### Data records
──────

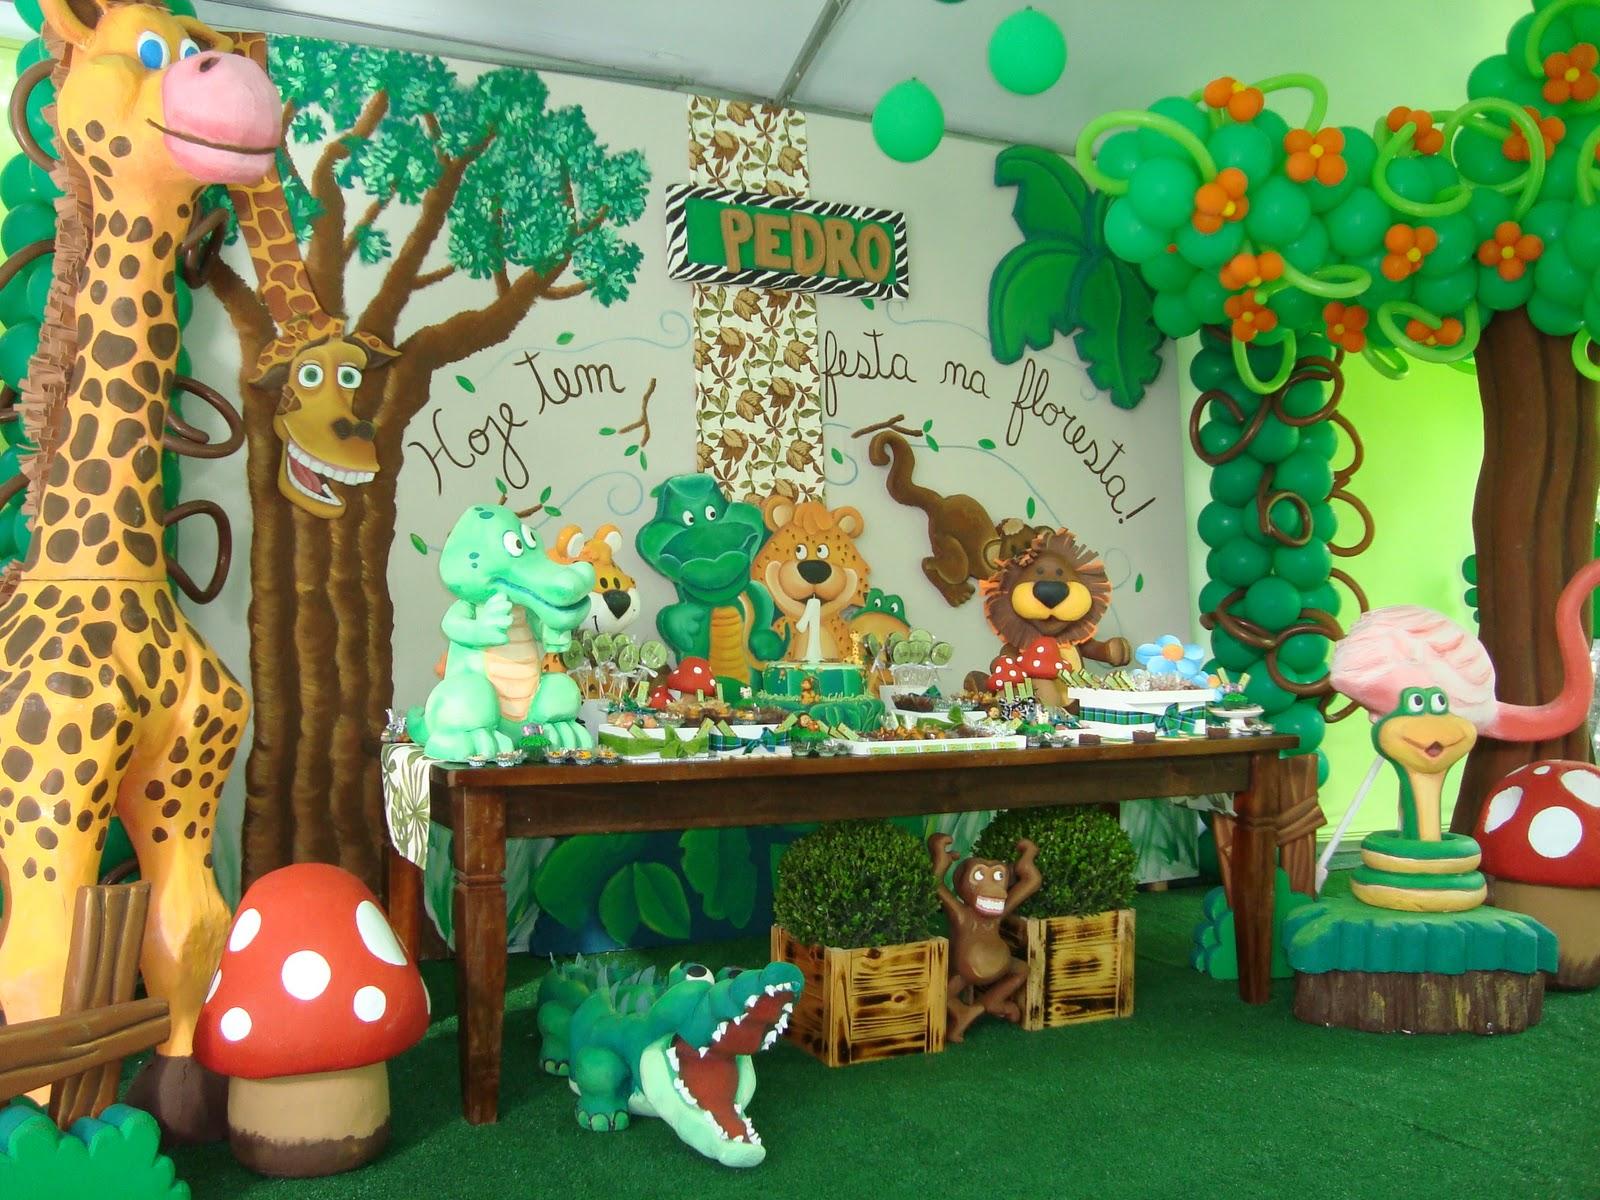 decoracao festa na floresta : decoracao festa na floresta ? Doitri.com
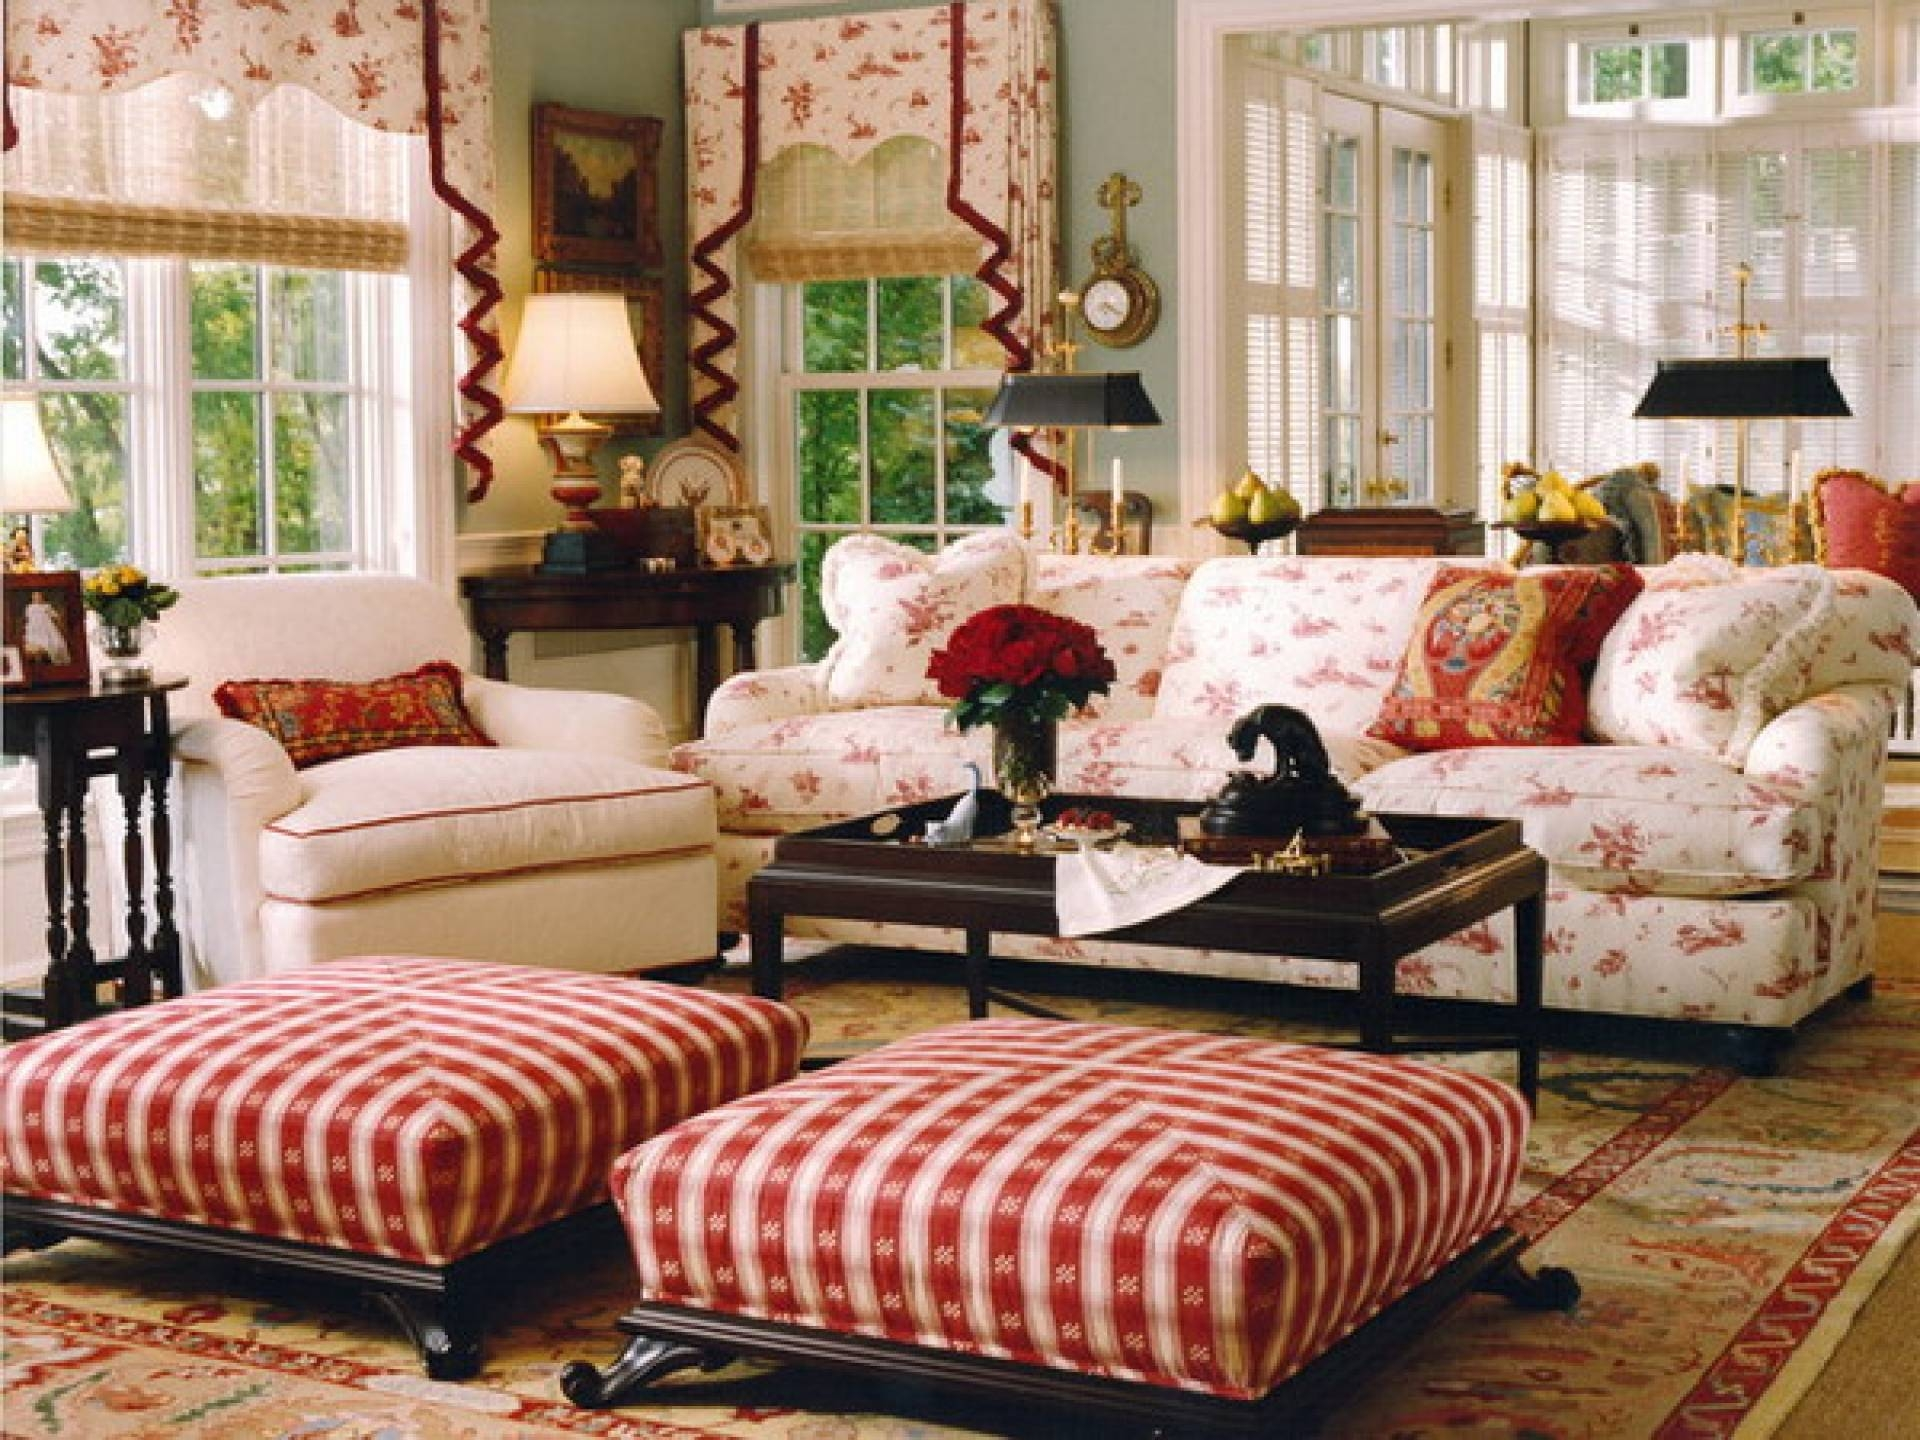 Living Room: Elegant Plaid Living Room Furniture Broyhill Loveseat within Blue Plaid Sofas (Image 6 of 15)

──────

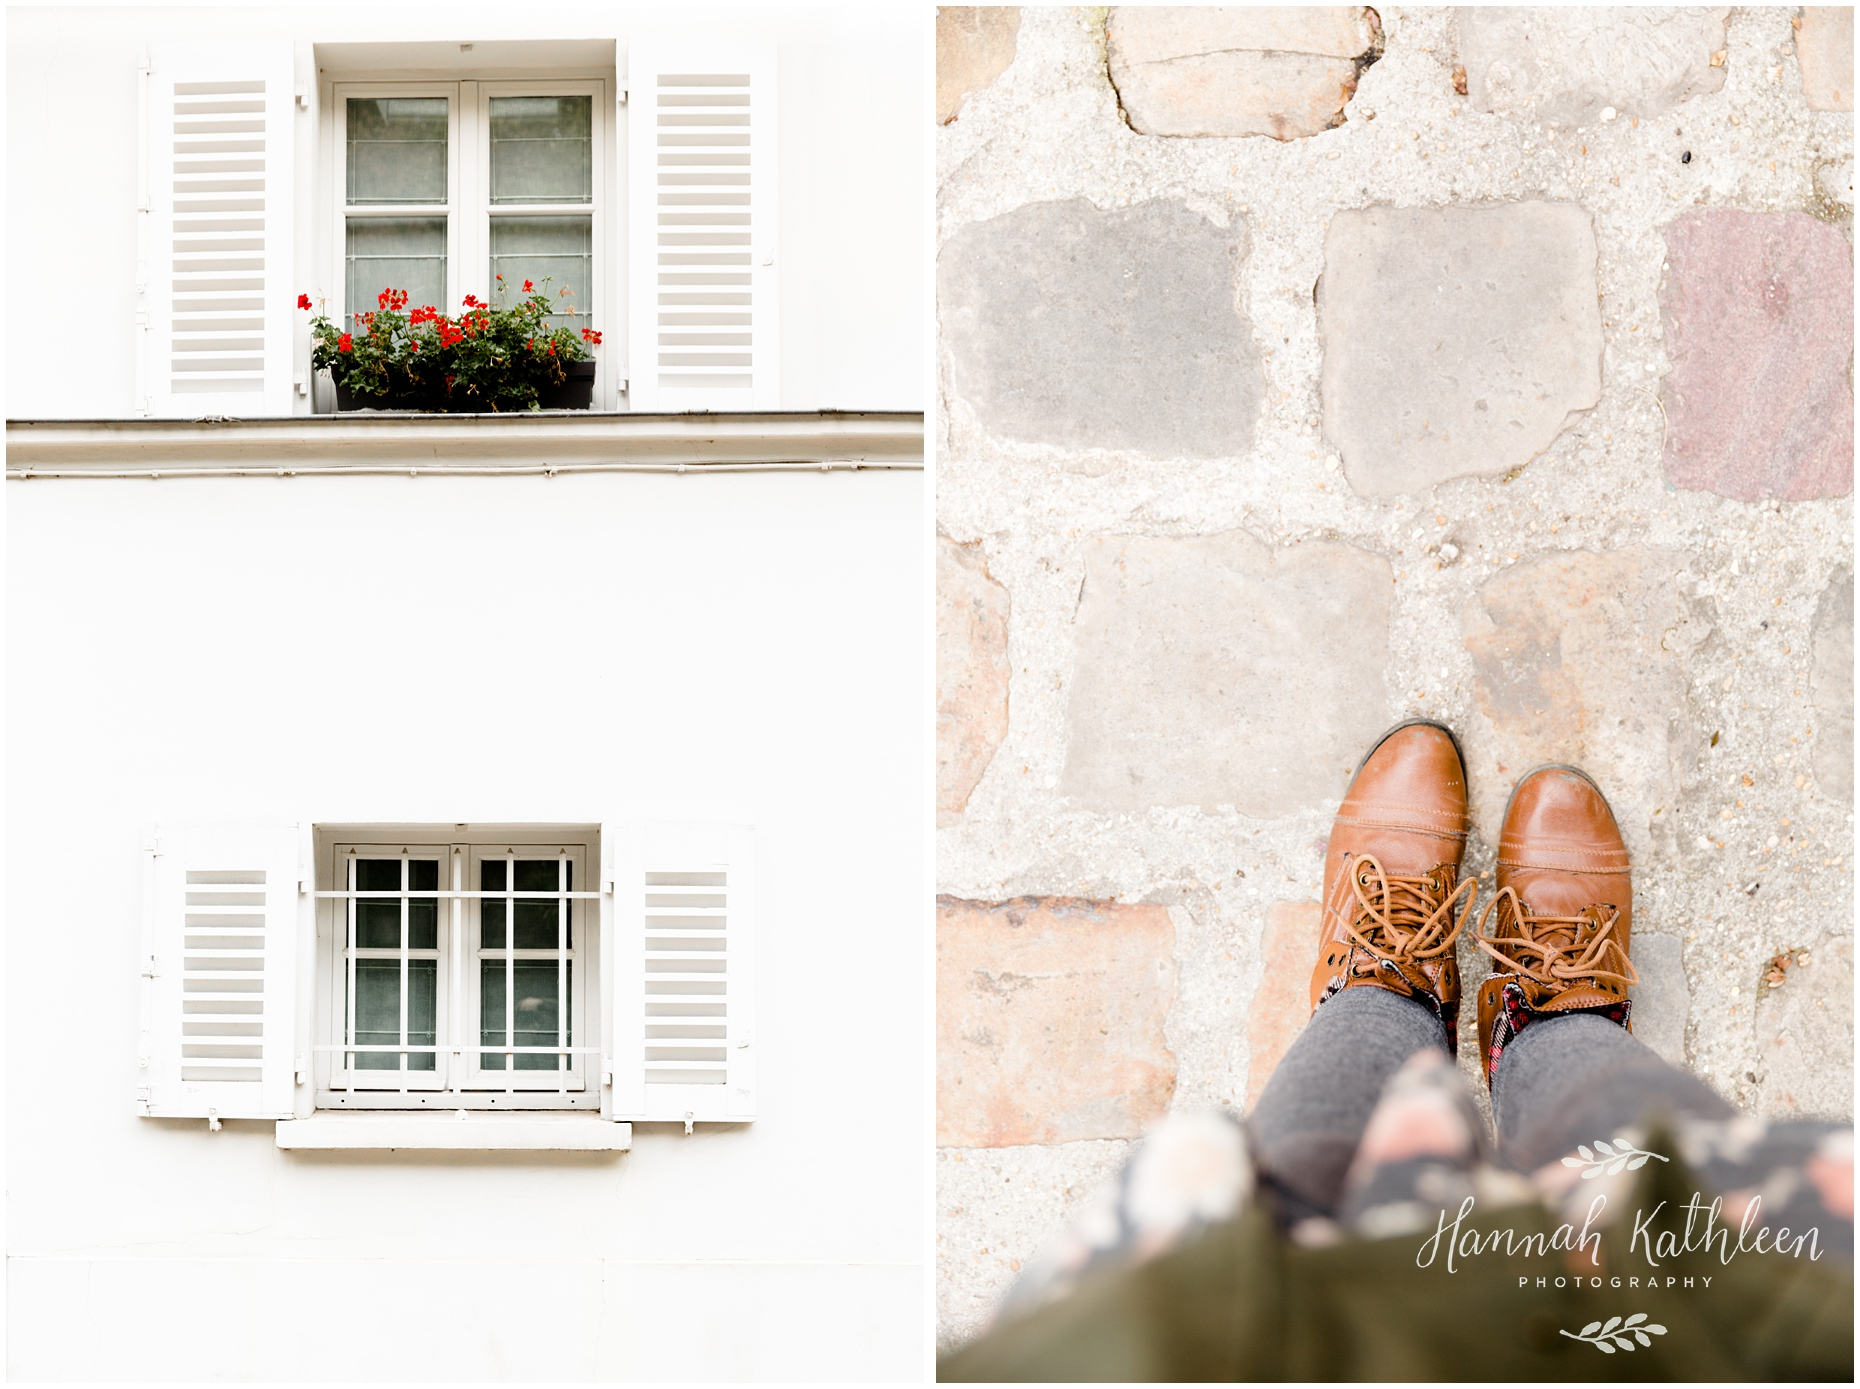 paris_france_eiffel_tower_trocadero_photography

──────

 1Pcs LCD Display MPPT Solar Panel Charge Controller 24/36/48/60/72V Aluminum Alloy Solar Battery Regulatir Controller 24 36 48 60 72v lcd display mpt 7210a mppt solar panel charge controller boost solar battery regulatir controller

──────

### Task brief
In the records above, find the line with "decoracao festa na floresta : decoracao". Print exactly from there through the line with "Living Room: Elegant", minus the pictures.

### Answer to this exercise
 decoracao festa na floresta : decoracao festa na floresta ? Doitri.com
 Living Room: Elegant Plaid Living Room Furniture Broyhill Loveseat within Blue Plaid Sofas (Image 6 of 15)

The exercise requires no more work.